I was going to blur out the student's name to protect his privacy, and then I realised he had (very considerately) already made his name unreadable. Unfortunately for me, he also made all of his working out illegible too.

In the section that says "instructions to candidates", it says:

"Make sure you know what you have to do before starting your answer."Does anyone else disagree completely with this advice?

When trying to solve a maths problem, you will very rarely know what you have to do before you start answering it. For example, take the last question of this paper:

When I look at this question, I don't know exactly what the steps are and what the proof looks like. I know it will involve some angle rules, but which ones and in which order, I don't know. It would be completely stupid to sit there looking at the question for fifteen minutes trying to work out exactly what I need to do before starting my answer. The sensible thing to do would be to write down something you do know. For example, you know that OQ and OR are both radii and hence equal in length. After that, you might be a bit stuck, so you start trying things. Eventually, you might realise that drawing in the line PO would be helpful. At this point, you still don't know how you're going to complete the proof. You give some angles some letters, so that you can write some relationships more easily. You could let PQO=x, and therefore QPO=x too. Let ORP = y, so OPR =y. Then you might decide to work out QOP and ROP, not because you know that it's going to help, but because you know how to do it so you may as well. QOP= 180-2x, ROP = 180-2y. Then you work out QOR, because, well, it's there. QOR = 360-(180-2x)-(180-2y) = 2x+2y. Then you realise that QPR= x+y which means that you have proved it. Then you do a happy dance and probably write your maths teacher a note like "circle theorems is bae" (yes one of my students actually wrote that).

At no point during this proof had you worked out what you needed to do to answer the question. You tried some stuff, and some stuff led to other stuff, and eventually the problem was solved. This is how maths problems should be solved. If you know exactly how to answer the question before you start answering it, it's probably not a very interesting question.

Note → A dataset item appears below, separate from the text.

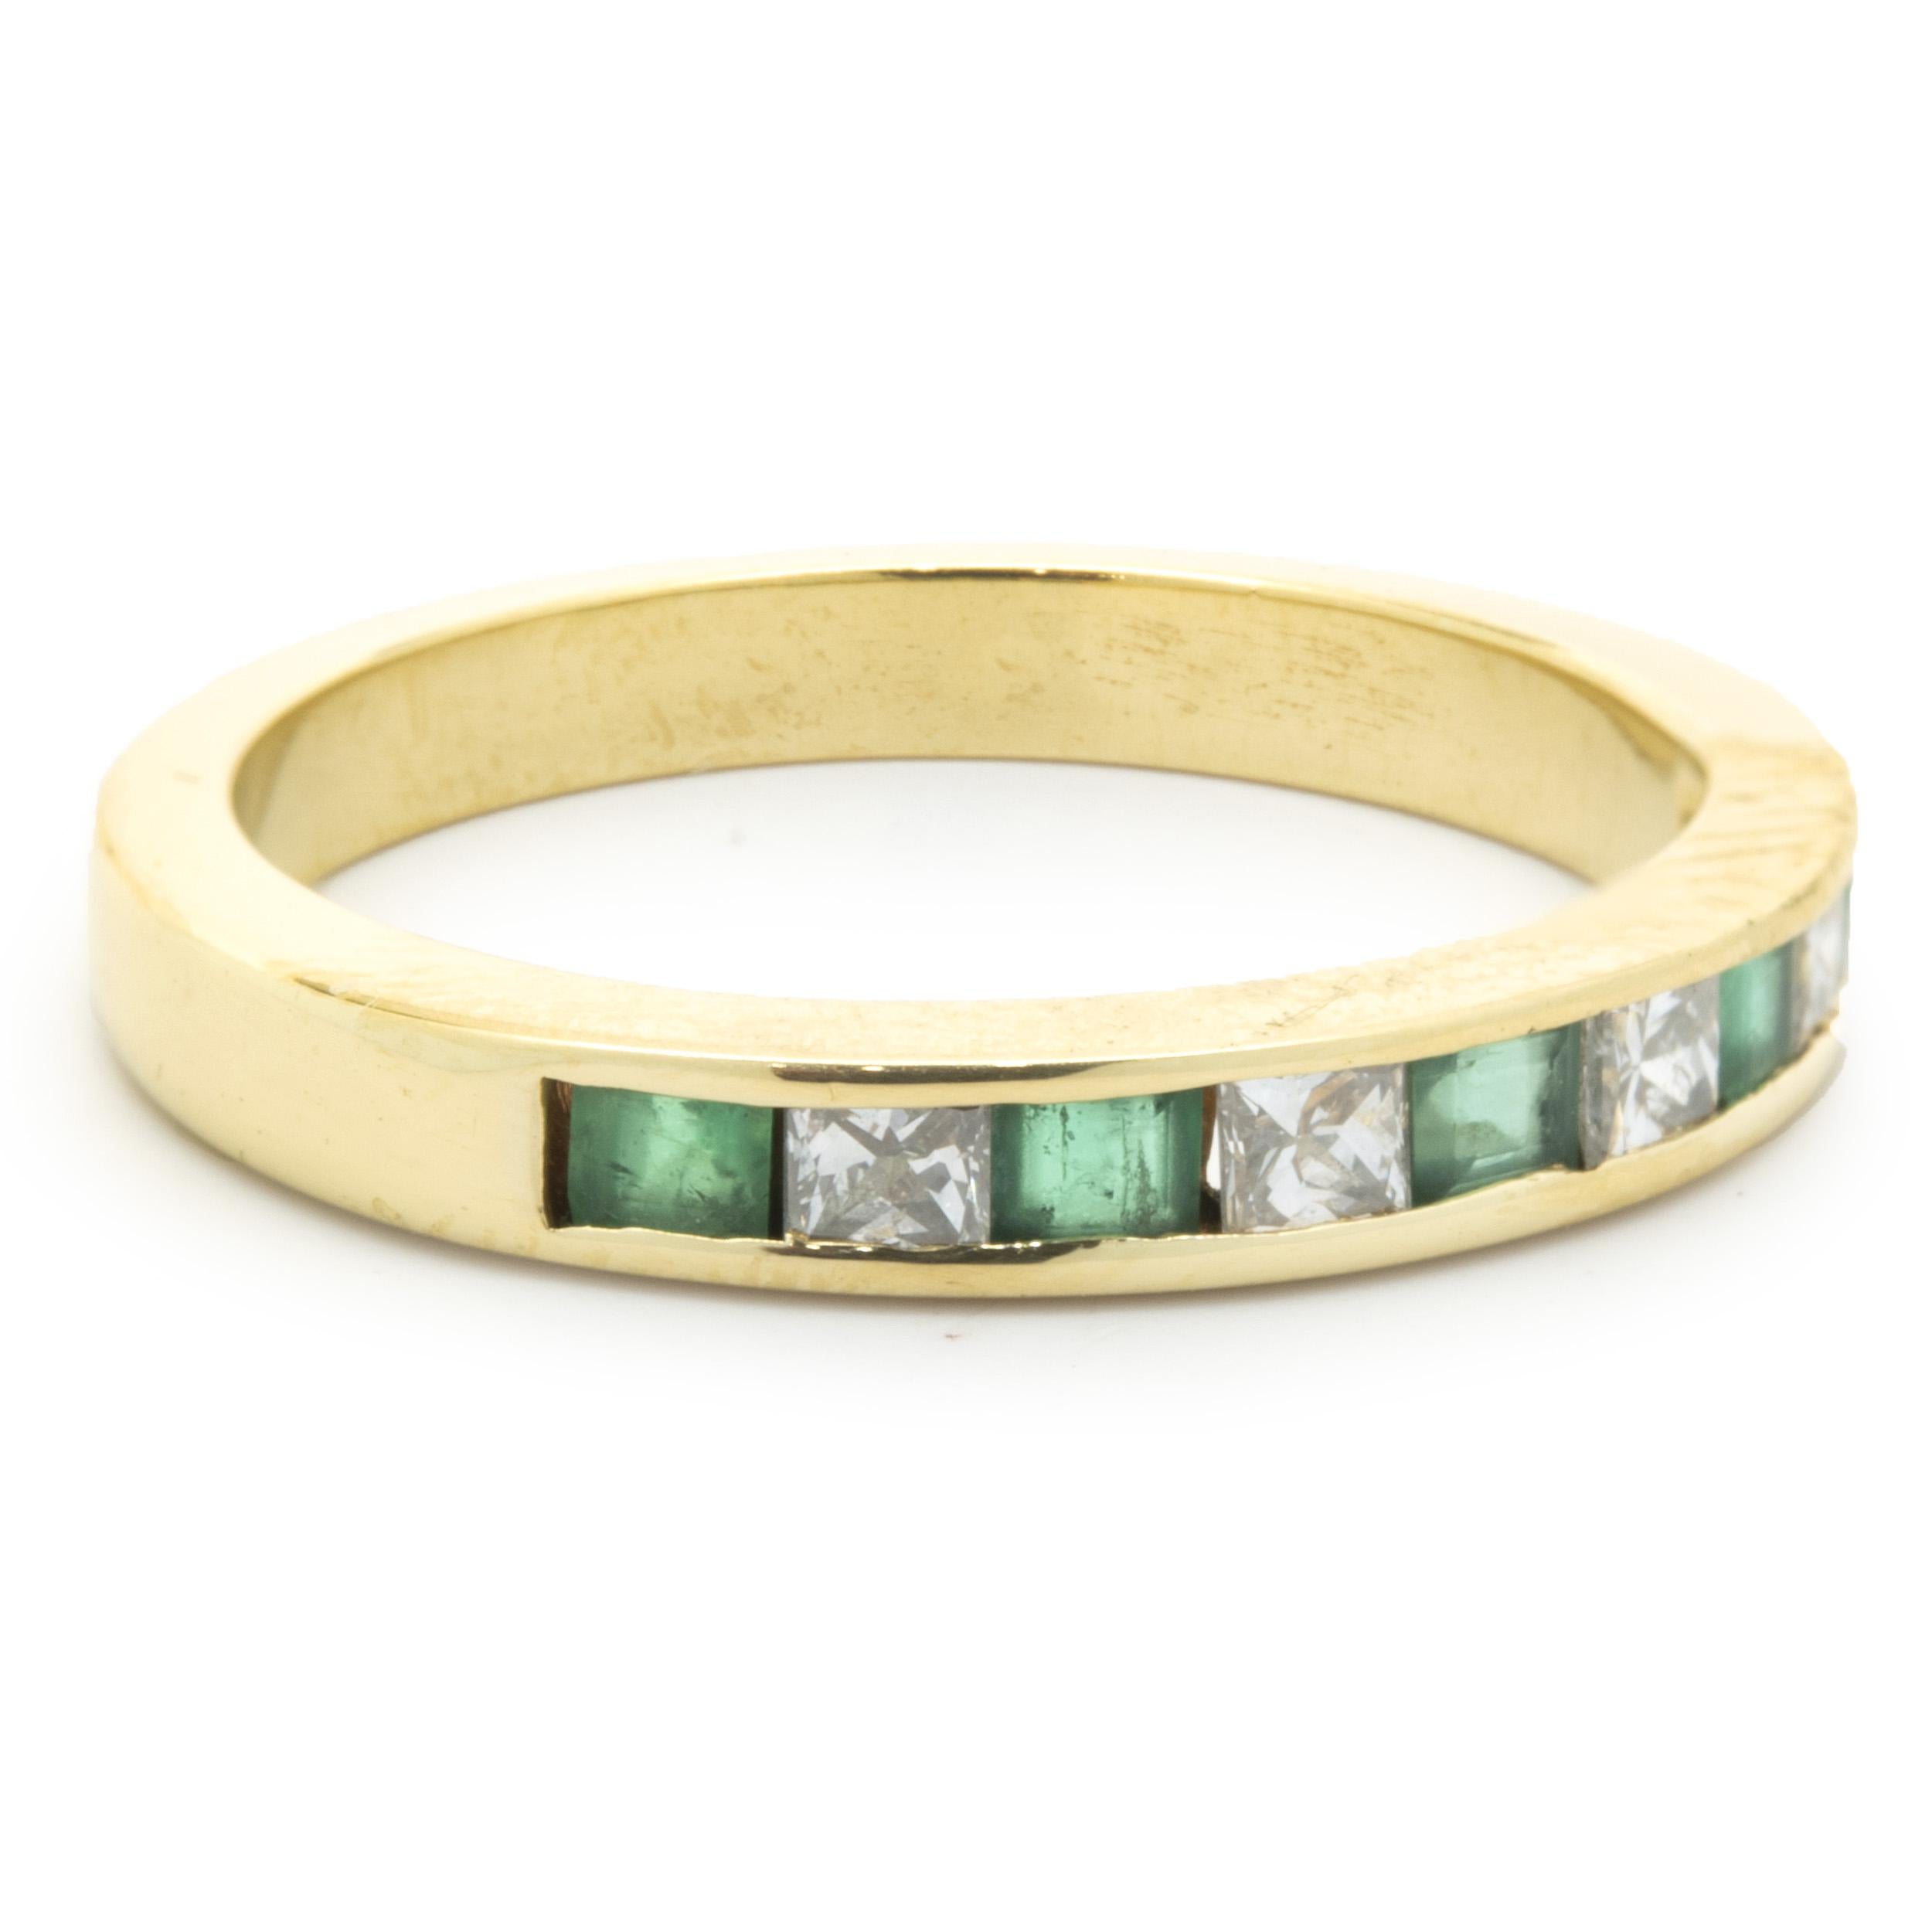 18 Karat Yellow Gold Alternating Diamond and Emerald Band In Excellent Condition For Sale In Scottsdale, AZ

I'm wondering whether the creator of this exam question intended for the students to know what they have to do before answering it. That would mean they were expecting students to have memorised by heart proofs to all of the circle theorems. What a depressing thought that is. How is regurgitating a bunch of proofs a sign of good mathematical thinking?

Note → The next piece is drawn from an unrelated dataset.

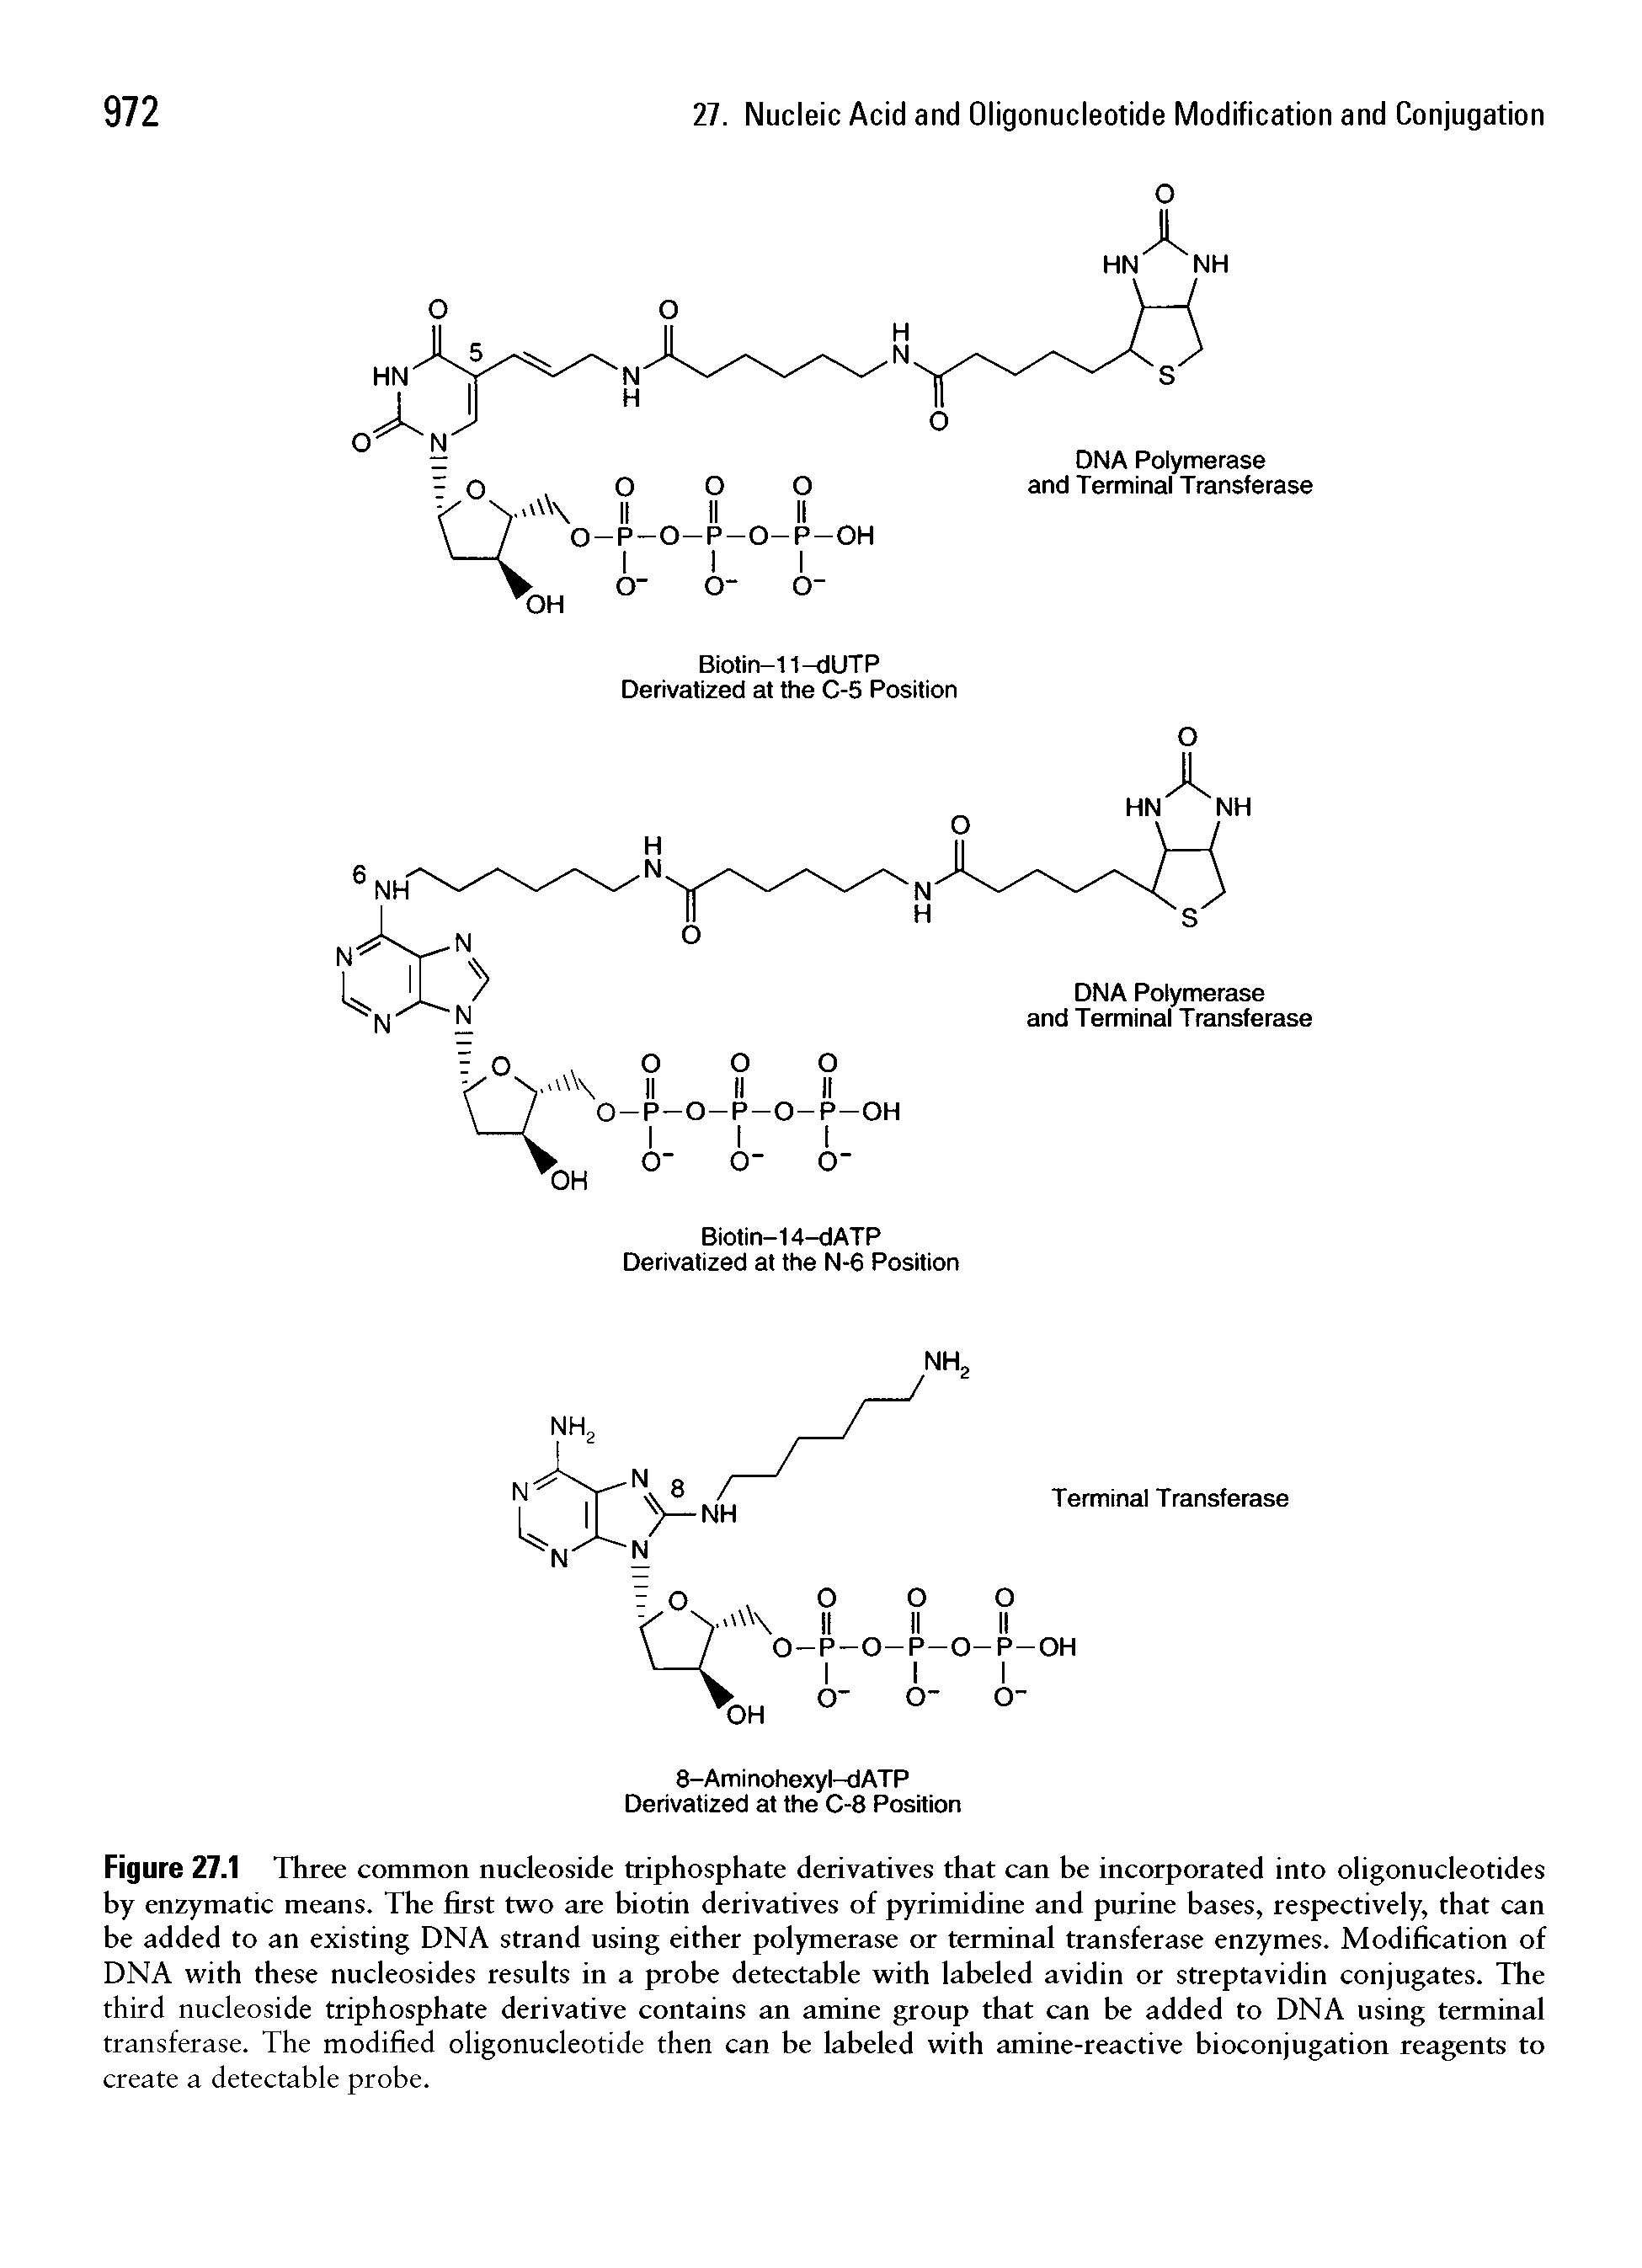 Figure 27.1 Three common nucleoside triphosphate derivatives that can be incorporated into oligonucleotides by enzymatic means. The first two are biotin derivatives of pyrimidine and purine bases, respectively, that can be added to an existing DNA strand using either polymerase or terminal transferase enzymes. Modification of DNA with these nucleosides results in a probe detectable with labeled avidin or streptavidin conjugates. The third nucleoside triphosphate derivative contains an amine group that can be added to DNA using terminal transferase. The modified oligonucleotide then can be labeled with amine-reactive bioconjugation reagents to create a detectable probe.

My head of department has a speech he likes to give students on this topic. (Actually, he has lots of speeches he likes to give, as his (and my) students know all too well). He says that it's like untangling your earphones. Earphones, as we know, automatically tangle themselves as soon as you stop using them. And when you want to use them, you have to spend a good five minutes untangling them. When you do this, do you look at the ball of entwined wires in your hand and think, "right, first I'll move that bit under that bit, then I'll pull this end through there, then I'll twist that bit round..."? Of course you don't, that would be silly. Instead, you get stuck in trying to untangle them. You pull bits and you twist bits and you play around with it. And eventually, no matter how bad the tangling was, you always succeed in getting them straightened out. This is exactly how you should tackle a maths problem.

So my advice would be to ignore the advice on the front of the exam paper. Well, except the bit that says "read each question carefully". Oh and also the bit that says "You are reminded of the need for clear presentation in your answers" (which several of my students definitely ignored).